WINDOW RESEARCH INSTITUTE

連載 窓をつくることから学ぶ

第3回 開ける窓の楽しみ

コンゴ・アカデックス小学校プロジェクトチーム/小林博人研究室 (慶應義塾大学)

21 Dec 2017

慶應義塾大学SFC小林博人研究会による連載第3回目は、アフリカ・コンゴ共和国の小学校の窓をつくるプロジェクトを紹介。開閉できない鉄格子の既存の窓に対して、プロジェクトチームが教師や子どもたちと共に考えつくりあげた窓とは。

 

トランクをバンに詰め込み、乗り込んだ車の車窓からみた景色は、これまでアフリカに対して抱いたものとはかけ離れていた。アフリカ大陸の中西部に位置するコンゴ民主共和国。人口900万人を擁し、東京都の半分ほどの面積に人口の集中する首都キンシャサには高層ビルが建ち並び、舗装された道路には高級外車も珍しくない。ここがアフリカの一都市とはだれも思わないだろう。

しかし、そこから車を走らせること2時間。まちなみは一変する。我々の活動する「アカデックス小学校」が位置するキンシャサ近郊のキンボンド地区には自分たちが想い描くアフリカの景色が広がっていた。2008年以降、我々はこの地に毎年足を運び、コンゴの子供たちに生きる力を身につけてもらおうと、教育や医療のプログラムを考えるとともに毎年1棟ずつ教室をつくり続けている。
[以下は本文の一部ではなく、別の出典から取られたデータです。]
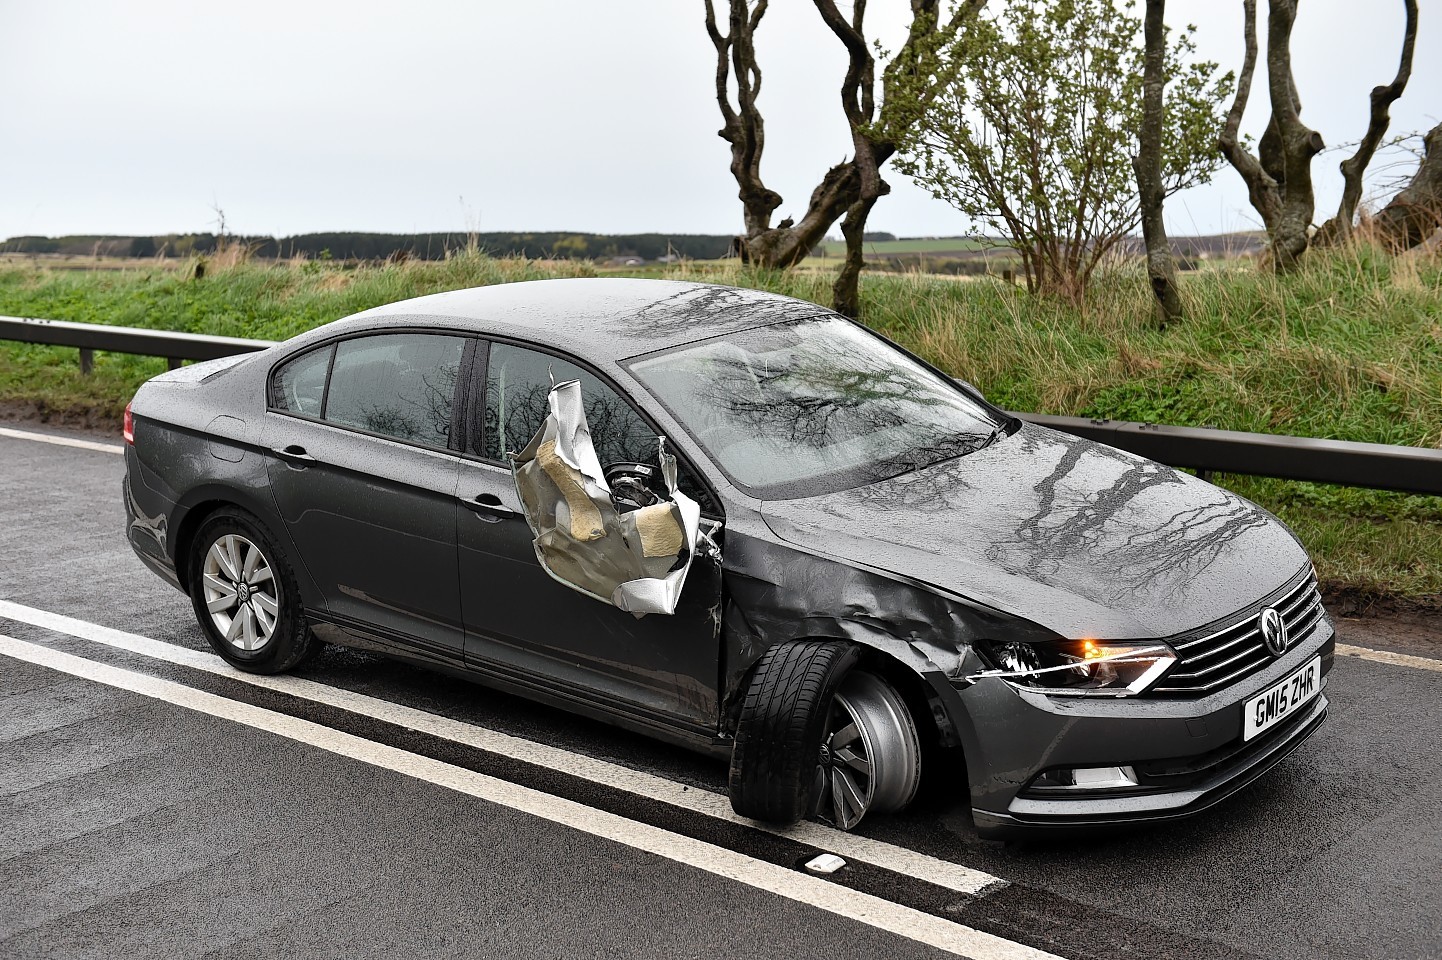 One of the cars after the multi-car crash on the A90

緑がまぶしいマンゴーやパパイヤの木々、どこまでもつづく砂の台地。この雄大な自然のなかには人々の生活の活気が溢れながらも、どこか穏やかで急くことのない時間の大河が流れる。日中は野菜や魚、捌いたばかりの肉などの食材や日用品を売る店がにぎわい、道路まで人が溢れる。一方、夜はアフリカンミュージックを聴きながらビールを飲み、語り明かす。そして静寂のなか夜が明け動物の声が聞こえはじめる。

キンボンド地区に建つ住宅はモルタルのブロックでできている。これらの多くはコンクリートでできた基礎の上にブロックを積み上げ、最後にトタン屋根をかけて出来上がる、非常に簡素なものである。

この建物の窓には防犯のために鉄でつくられた格子がはめ込まれている。はめ殺しのこの鉄格子は室内と外界とを物理的に遮断している。まるで監獄の鉄格子のように、相手の顔は見えるがそこには常に鉄の格子が存在する。

小学校も例外ではない。全ての窓には無機質な鉄格子が組み込まれている。教室のなかから外をながめても視界のなかにはいつも格子が存在する。風にふれるために窓を開ける。天気が良い日に窓を開ける。外の景色を見るために窓を開ける。そのような行為がここには存在しない。なぜなら、窓には揺らぐことのない強固な鉄の格子が存在しているからである。

窓を「開ける」。その行為は単純に扉を開くということではない。人と人をつなぐ、人と自然をつなぐ行為であり、建物の「ウチ」と「ソト」をつなげる行為なのである。毎朝、目が覚めて窓を開ける。雨がやんだら窓を開ける。友人が訪れたら窓を開ける。窓を「開ける」という行為が人々の生活を豊かにする。

そのような想いから2016年度に設計・施工した保健室では、「開ける」楽しみを生み出すような窓を考え出した。外に鉄格子をはめてしまうのではなく、外に向かって開く窓をつくろう。そういう思いから窓づくりは始まった。

防犯を考えつつも木材をふんだんに使用することで暖かみのある窓を考えた。日本の大学生、コンゴのアカデックス小学校の先生、キンボンド地区の子供たち、みんなで窓を構成する部材を一つひとつ切り出し、それにそれぞれの国を代表する色を塗った。

それらを組み上げ、最初から最後まで自分たちの手でつくり上げた。ひとつの窓をみんなでつくる。窓をつくることで普段交流のない人と人のつながりも生まれた。

窓を開けた先にあるものは、窓を「開ける」ごとに変わる。開けた人にしかわからない景色が待っている。アカデックス小学校の児童、先生、そしてキンボンド地区の人たちにもその楽しみを味わってもらいたい。